Your risk profile is not a label. It is the quiet answer to a question you can only really test in a downturn: would I sit on a 30% drawdown across a portfolio worth several years of my savings, without acting on impulse? Most of us think we know the answer. Very few actually do.

A ten-click quiz cannot tell you this. Neither can your YouTube watch history nor your Instagram saves on “small-cap funds with the highest Sortino Ratio”. Reading about volatility is not the same as living through it. Knowing the theory of drawdowns is not the same as watching a chunk of your net worth disappear on a Tuesday afternoon.

[…]

your risk appetite is not fixed. As your portfolio grows, the rupee value of every drawdown grows with it. A 30% fall on five lakh feels very different from a 30% fall on fifty lakh, and different again at five crore. The percentage is identical; the experience is not. You have to keep asking yourself whether you still have the stomach for it as the absolute numbers change. 

Life events shift this, too. A new home loan, a child, an ageing parent, a job change, any of these can quietly redraw your capacity for risk without you noticing.

Raymond Chen recalling the conflict between Microsoft and IBM over the TAB key.

A colleague recalls that while he was assigned to the IBM offices in Boca Raton, Florida, there was a dispute over what key should be used to move from one field to another in dialog boxes.
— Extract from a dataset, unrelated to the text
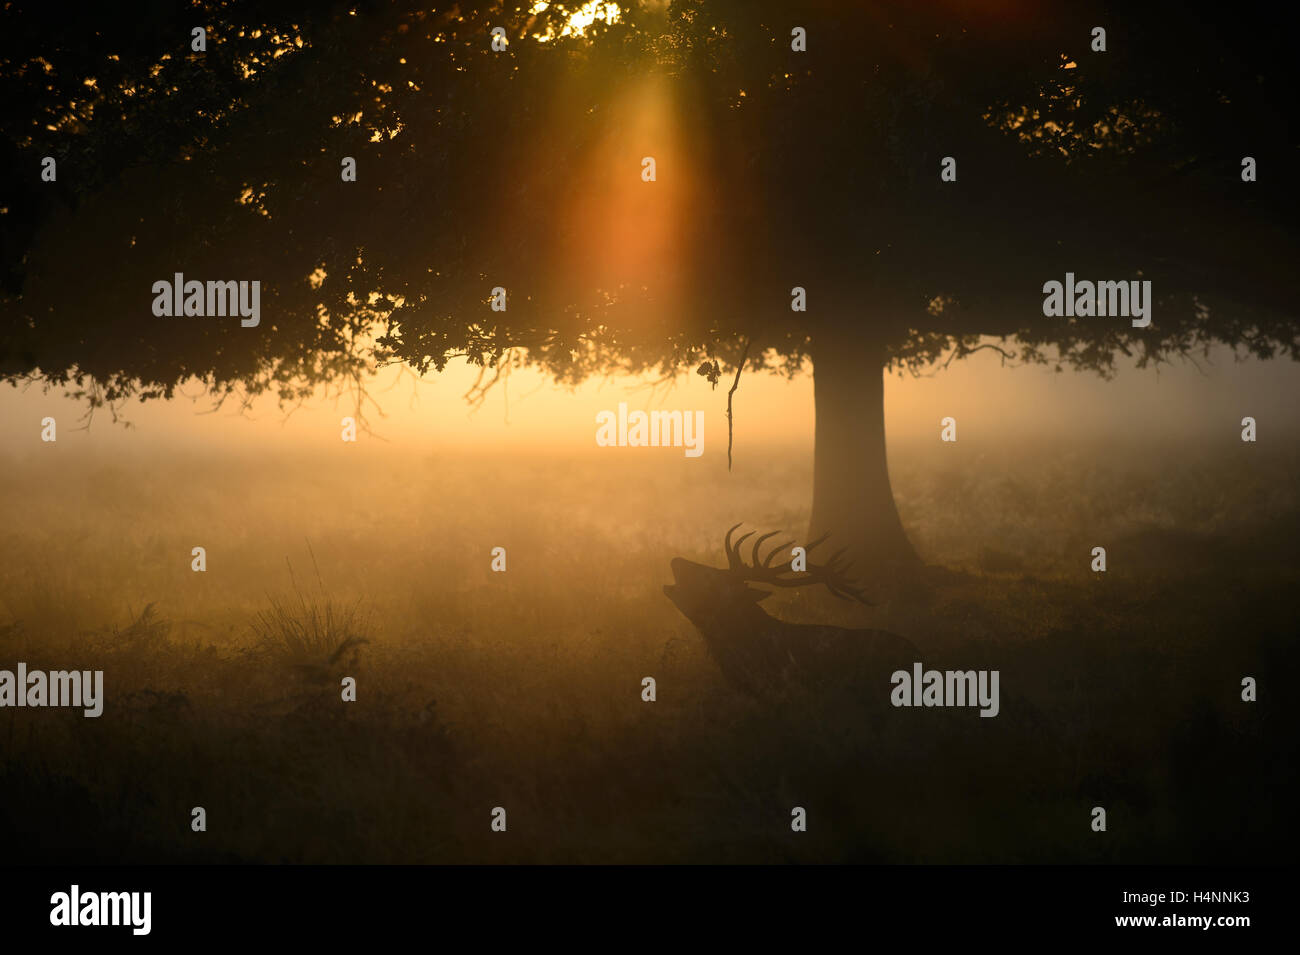 Red Deer stag chiamando all'inizio di foschia mattutina di sunrise, sotto un albero e raggi di luce, Richmond Park, London, Regno Unito. Foto Stock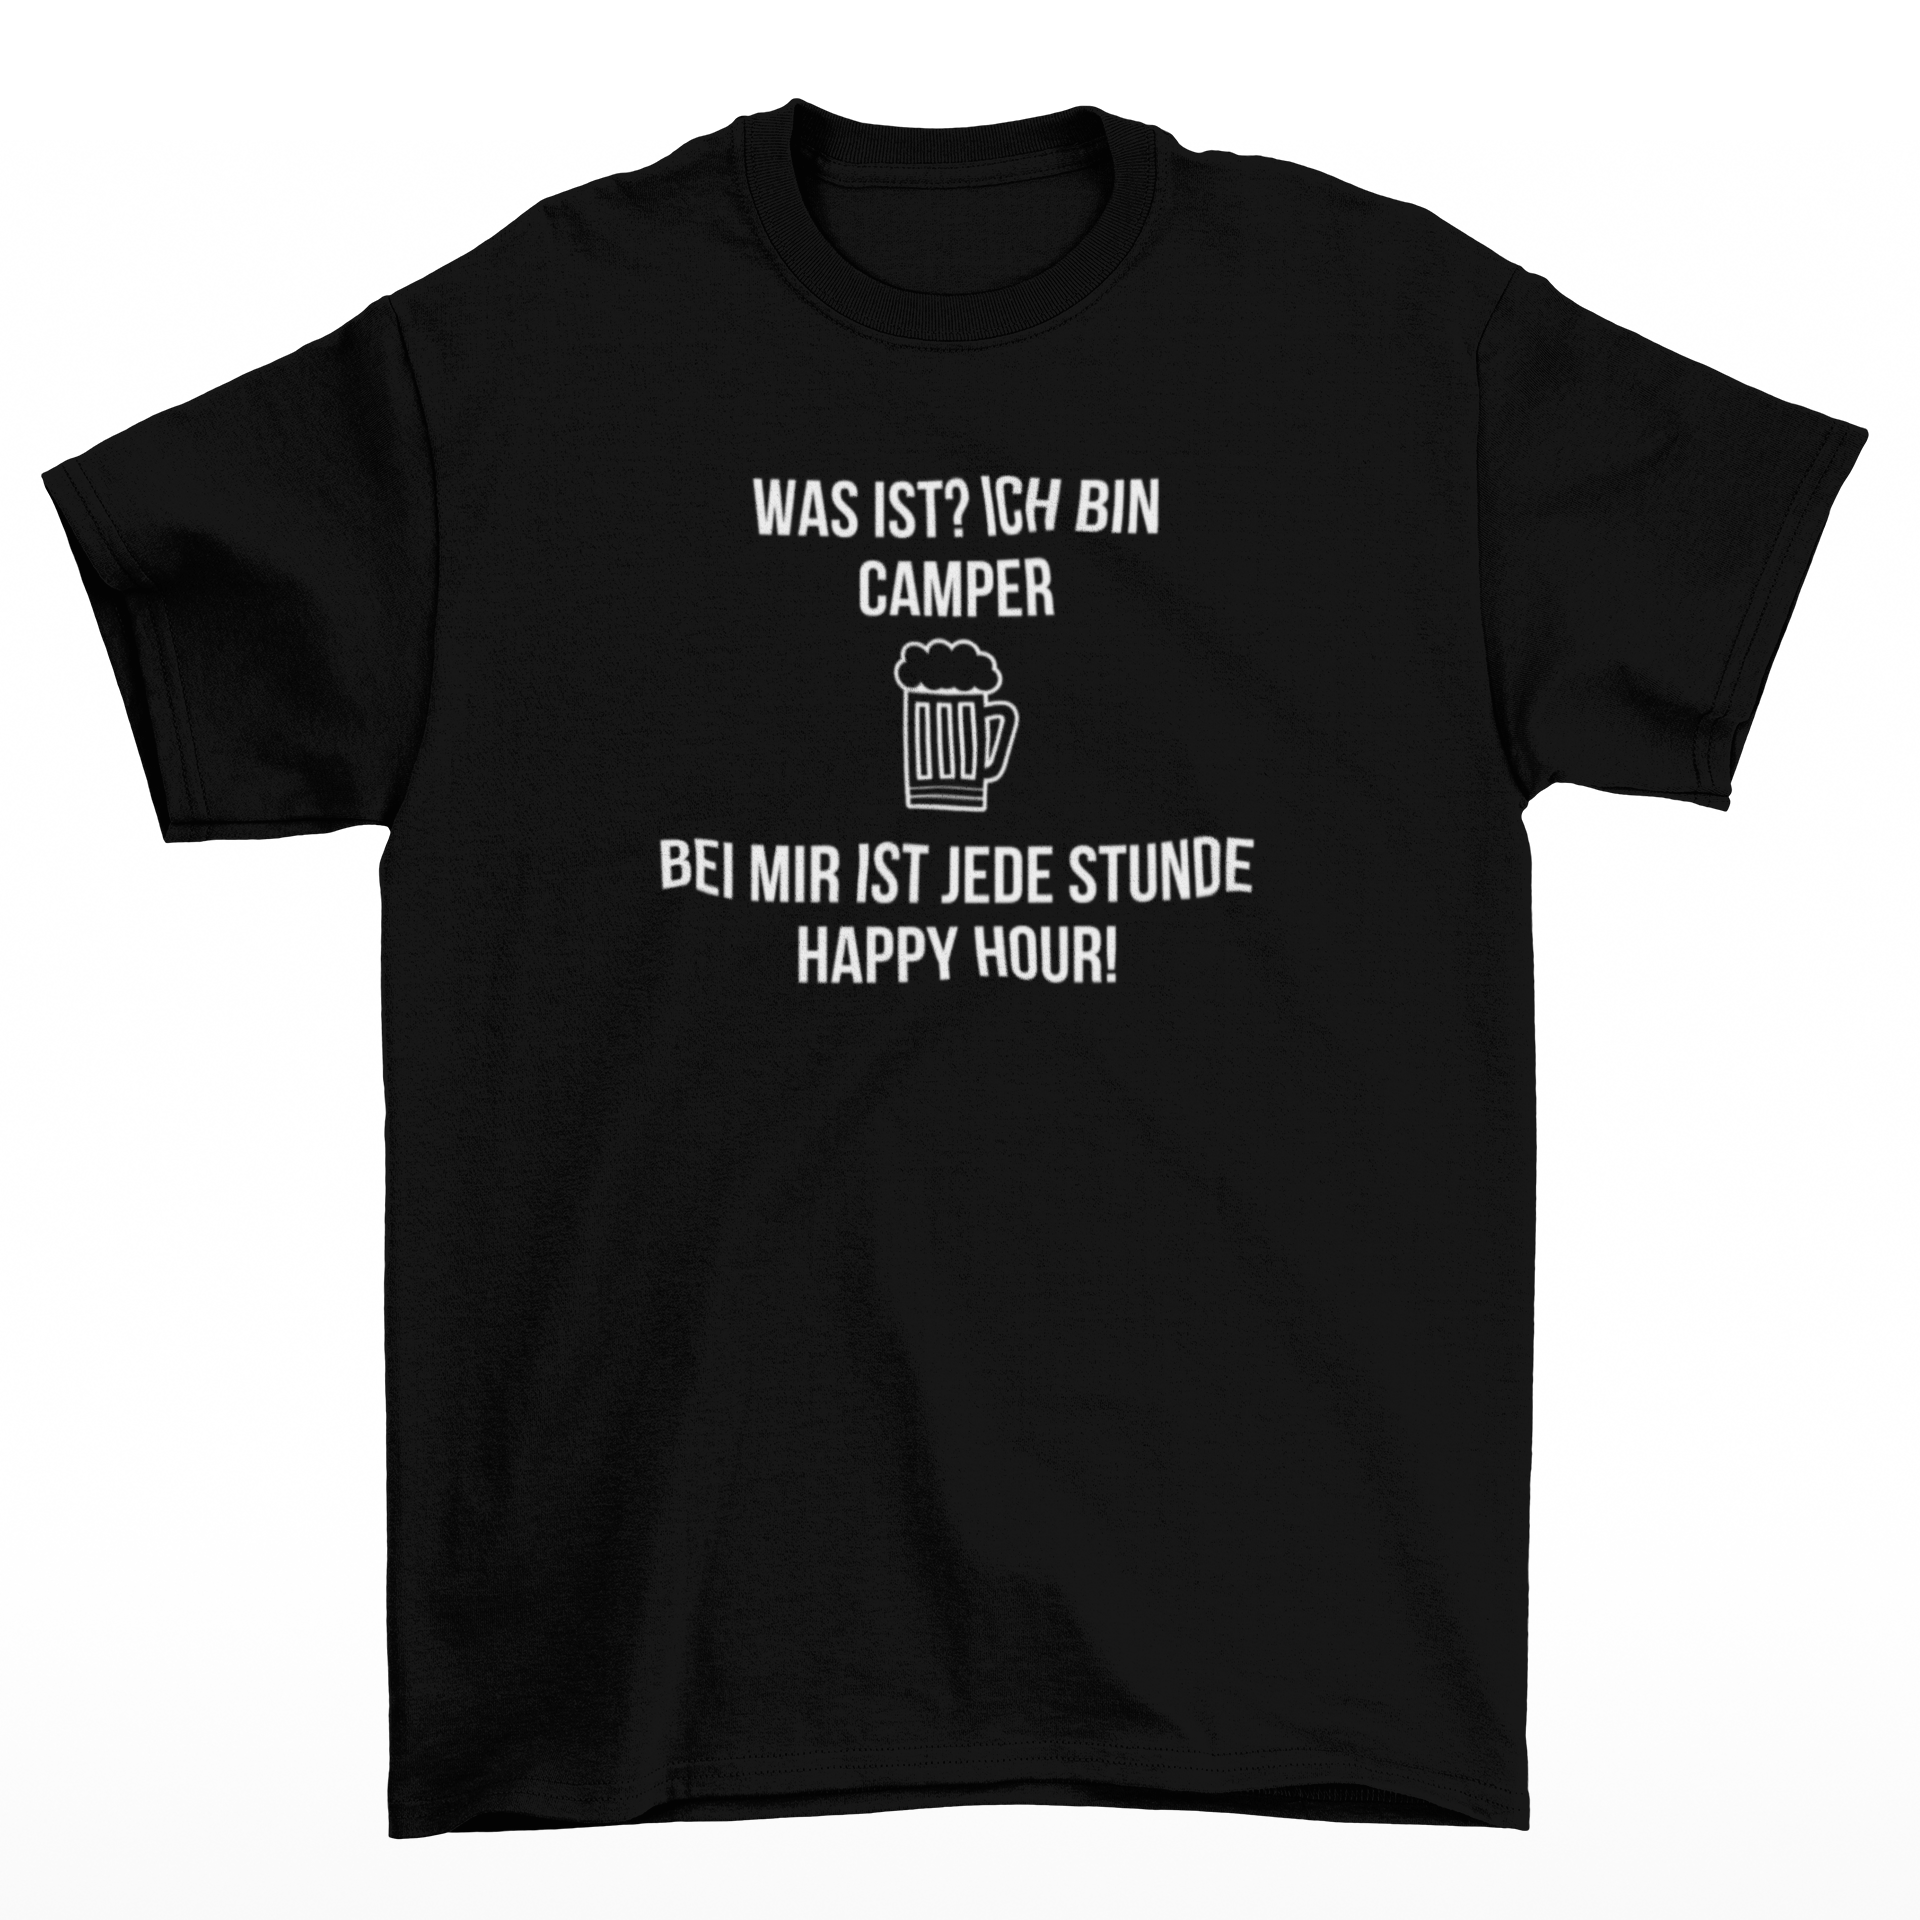 Was ist? ich bin Camper  - T-Shirt

The folks at IBM were not happy with my colleague’s decision to use the TAB key, so they asked him to escalate the issue to his manager back in Redmond.

My colleague’s manager replied, “The reason you are in Boca is to make these decisions so I don’t have to be in Boca.”

My colleague rephrased this reply in a more corporate manner before passing it on to IBM: “Microsoft supports the use of the TAB key for this purpose.”

Unsatisfied, the IBM folks escalated the issue up their organizational chain for several levels, and replied that their VP (who was around seven levels of management above the programmers) was absolutely opposed to the use of the TAB for this purpose, and they wanted confirmation from the equivalent-level manager at Microsoft that Microsoft stands by the choice of the TAB key.

My colleague replied, “Bill Gates’s mother is not interested in the TAB key.”

This apparently ended the discussion, and the TAB key stayed.

Ha!

Christine Lemmer-Webber talking about her meeting with Gerald Sussman.

At some point Sussman expressed how he thought AI was on the wrong track. He explained that he thought most AI directions were not interesting to him, because they were about building up a solid AI foundation, then the AI system runs as a sort of black box. “I’m not interested in that. I want software that’s accountable.” Accountable? “Yes, I want something that can express its symbolic reasoning. I want to it to tell me why it did the thing it did, what it thought was going to happen, and then what happened instead.” He then said something that took me a long time to process, and at first I mistook for being very science-fiction’y, along the lines of, “If an AI driven car drives off the side of the road, I want to know why it did that. I could take the software developer to court, but I would much rather take the AI to court.”

This discussion happened in 2015. Not 2025. 2015. Thanks to Hacker News for bringing up this.